The findings directly link 3D anisotropic strain dynamics to catalytic hysteresis in CO oxidation at the single-nanoparticle level. Tensile strain narrows the d-band, increases occupancy, and modifies adsorption/dissociation energetics; thus, the observed tensile regions on specific facets, edges, and corners identify active sites. In cuboctahedra, the growth and inward propagation of tensile strain during heating correlate with rising conversion, while temperature-shifted recurrence during cooling explains inverse hysteresis and points to path-dependent elastic responses. The lack of full recovery in elastic energy after a cycle evidences irreversible deformation and heat dissipation as contributors to inverse hysteresis. In cubes, pre-existing higher compressive surface strain appears to buffer further deformation, leading to recovery of the initial elastic state and normal hysteresis. The discovery that identical crystallographic facets can display unequal strain and thus unequal reactivity highlights the role of local strain heterogeneity beyond facet identity. Mapping elastic energy landscapes with attojoule sensitivity reveals that catalytic performance hysteresis is encoded in the nanoparticle’s elastic state, not solely in external reaction conditions. These insights underscore the need to engineer and control strain states to modulate activity and hysteresis in heterogeneous catalysis.

Operando BraggCDI provided 3D, site-specific strain maps of single, morphology-controlled Au nanocrystals during CO oxidation, revealing anisotropic strain formation/propagation, facet- and edge-specific tensile regions that serve as active sites, and unequal reactivity among nominally identical facets. The work demonstrates that catalytic hysteresis (normal vs inverse) originates at the single-particle level through differences in elastic energy evolution: cubes largely recover their initial elastic state, while cuboctahedra exhibit irreversible elastic energy changes. Mapping the elastic energy landscape at attojoule resolution establishes a direct structural–energetic–reactivity link. These results suggest that intentionally manipulating the elastic energy/strain distribution could tune catalytic performance and hysteresis, and that operando 3D strain imaging can inform the design of stable, efficient catalysts and studies of deactivation processes. Future research may extend to measuring full strain tensors via multiple reflections, exploring different supports/morphologies, and implementing strategies to control strain to optimize activity and minimize hysteresis-related losses.
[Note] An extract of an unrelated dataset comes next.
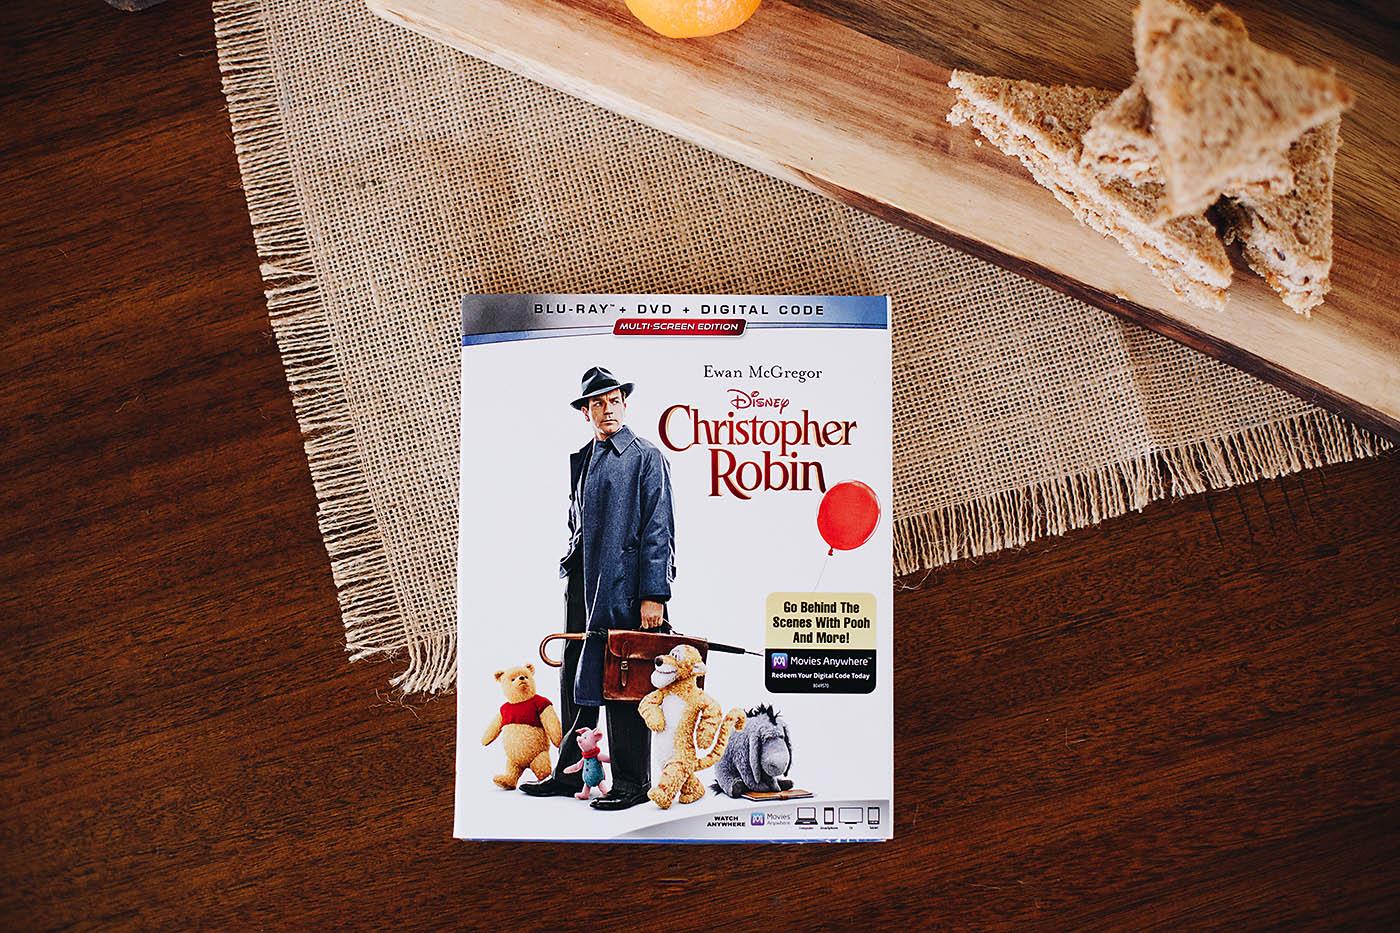 Christopher Robin Themed Friendsgiving Movie Night Ideas

• Strain characterization used only the (111) Bragg reflection; thus only the [111]-projected displacement/strain component was measured. Full strain tensor determination would require multiple non-parallel reflections, which was not feasible in the operando setup.
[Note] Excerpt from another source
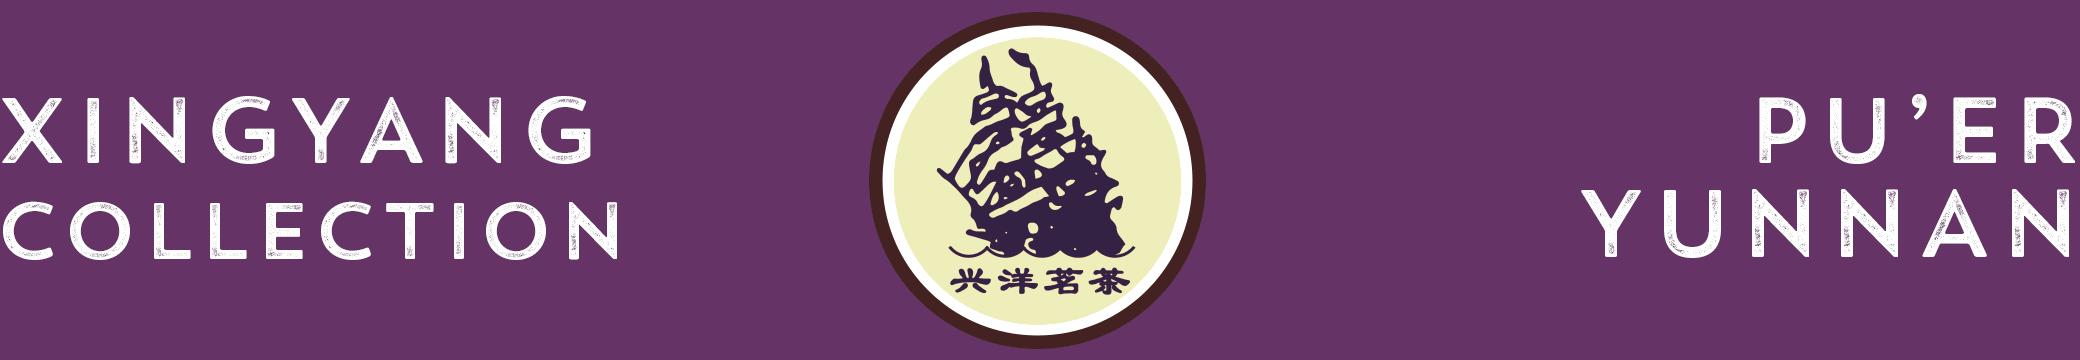 shop-xingyang-banner

• Single-particle operando measurements focused on representative nanocrystals (e.g., one cuboctahedron, one cube), which may limit statistical generalizability across populations.
• The Au nanoparticles (~60–70 nm) are larger than the size range typically associated with highest Au catalytic activity, requiring elevated temperatures to observe activity; conclusions at lower temperatures or for smaller particles may differ.
• Gas composition and flow differ between bulk catalytic tests (100 mL/min in He balance) and operando BraggCDI (20 mL/min), potentially influencing kinetics; however, qualitative hysteresis–strain correlations were maintained.
• Surface strain maps are projections along [111] and sensitive to reconstruction artifacts inherent to phase retrieval; although displacement resolution is picometer-level and strain sensitivity ~2 × 10^−4, absolute values of local extremes should be interpreted considering these limits.